I jump to my feet and hug Laura with mixed emotions. Her beam and cheerful demeanour are, and probably always will be, a pleasure. The guilt that grabs and tugs at my innards, like a bad case of food poisoning, is less welcome.
‘What are you doing here?’ I hope I sound delighted and curious rather than wary and anxious.
‘Amelie texted me this morning that you were getting together and I ought to join you. You don’t mind, do you?’
Laura looks momentarily apprehensive. It’s a look she used to constantly sport but now is, more or less, banished. It’s distressing to see it flash across her face again. She looks uncertain of her welcome and her worth. I’m utterly sorry, particularly because as far as I’m concerned, she
is
unwelcome: through no fault of her own.
‘It’s fantastic to see you,’ I hug her and try to believe what I’ve said. ‘Where’s Eddie?’
‘At his dad’s.’
I wait for a tirade about Oscar. Usually she can’t resist recounting the latest insensitivity. There’s always something. Besides leaving Laura and Eddie, Oscar’s crimes against humanity include repeatedly failing to buy the correct flavour yogurt for Eddie, allowing him to fall off a climbing frame (while everyone knows that Eddie might have fallen no matter who was looking after him, the point is, it happened while he was in Oscar’s care), failing to be responsible about bedtime curfews, feeding Eddie goodies packed with salt and additives (which Laura is also guilty of, but…), being away for Eddie’s birthday, buying Eddie extravagant pressies to try to compensate for the absences… I fear and imagine the list is endless. But, today, Laura appears not to have anything to say on the matter of Oscar.

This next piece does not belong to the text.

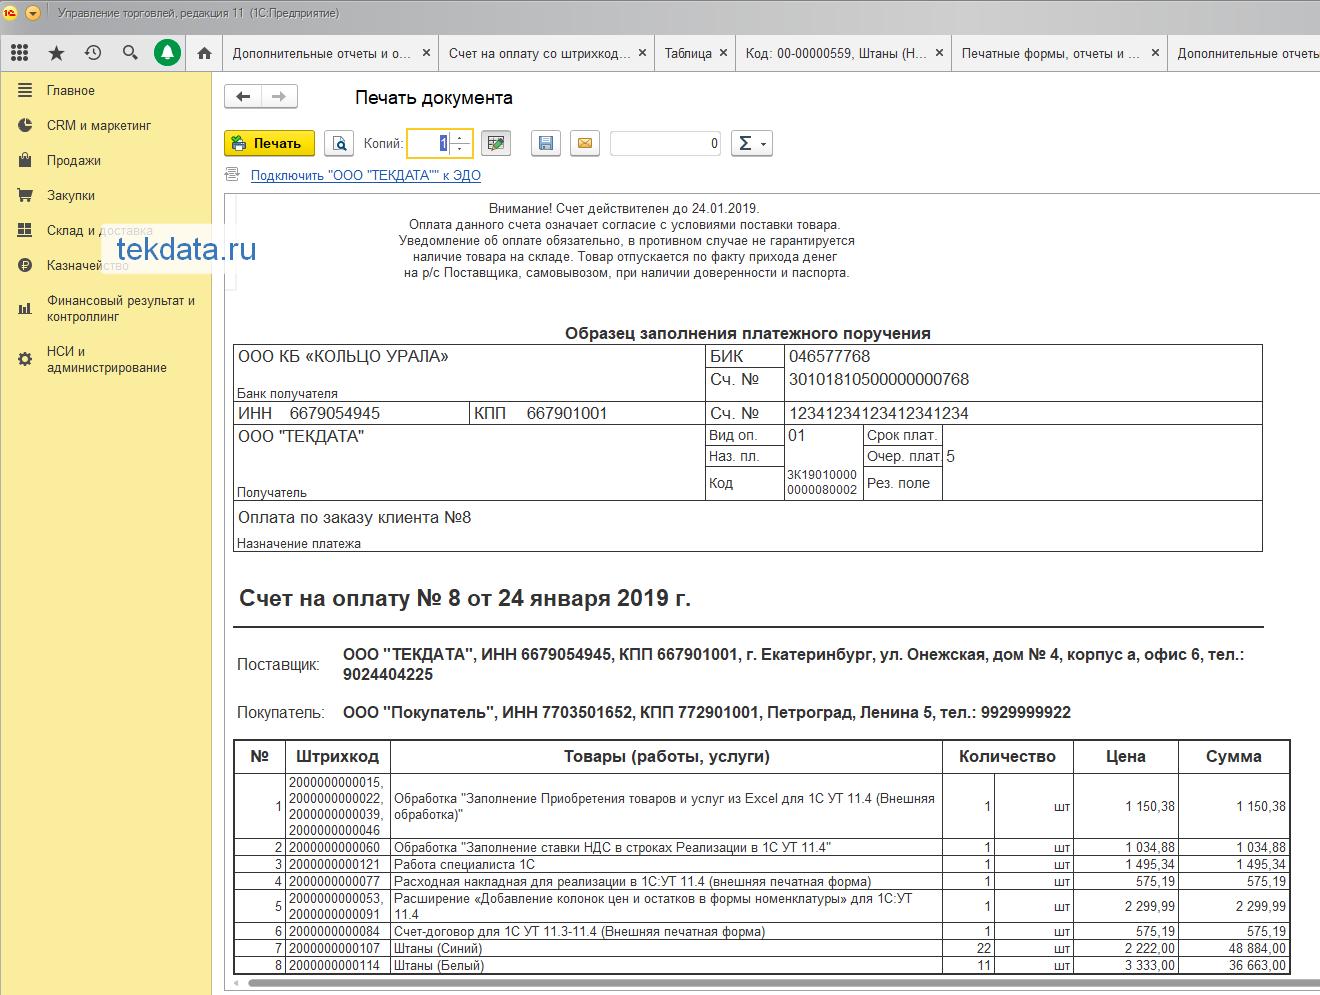 Счет на оплату со штрихкодами для Заказа клиента в УТ 11.4 (Внешняя печатная форма)

‘I can’t think of anything except Vegas. To think, in three weeks and a day we’ll be on the plane.’ She giggles.
‘It’s always on my mind too,’ I admit.
Laura beams and breaks into song. She does a pretty good rendition because she has the singing voice the angels were supposed to give to me.
Laura is glowing and grinning; she has no idea she is grinding me down. I know I should be delighted that she’s finally found someone she cares about, someone who cares about her. But all I can see are the problems it will cause. This is never going to go away. Even if Stevie and I manage to secure a secret divorce, and by some amazing stretch of good luck Philip believes my story about sketchy paperwork and we remarry,
my life will still be spoilt because Laura is in love with Stevie. And – deep breath – what if Stevie is in love with her too?
It dawns on me that there is a possibility that one day they might want to get married. If they do there will be more paperwork, more questions. Stevie will have to declare that he’s been married and that will lead to difficult questions. Even if we negotiate that thorny issue, there will be others. I won’t be able to attend their wedding because Stevie’s mum will recognize me. How do I explain that to Laura? By the same token Laura and Stevie will never be able to attend any family event I host in case my father or brothers bother to turn up and recognize him. I wonder what scale of miracle I’ll need to manage to tiptoe my way through the next forty years to avoid a catastrophic revelation. I don’t tell Laura this, instead I say, ‘I wondered if you wanted to come over and pick out some clothes for the trip.’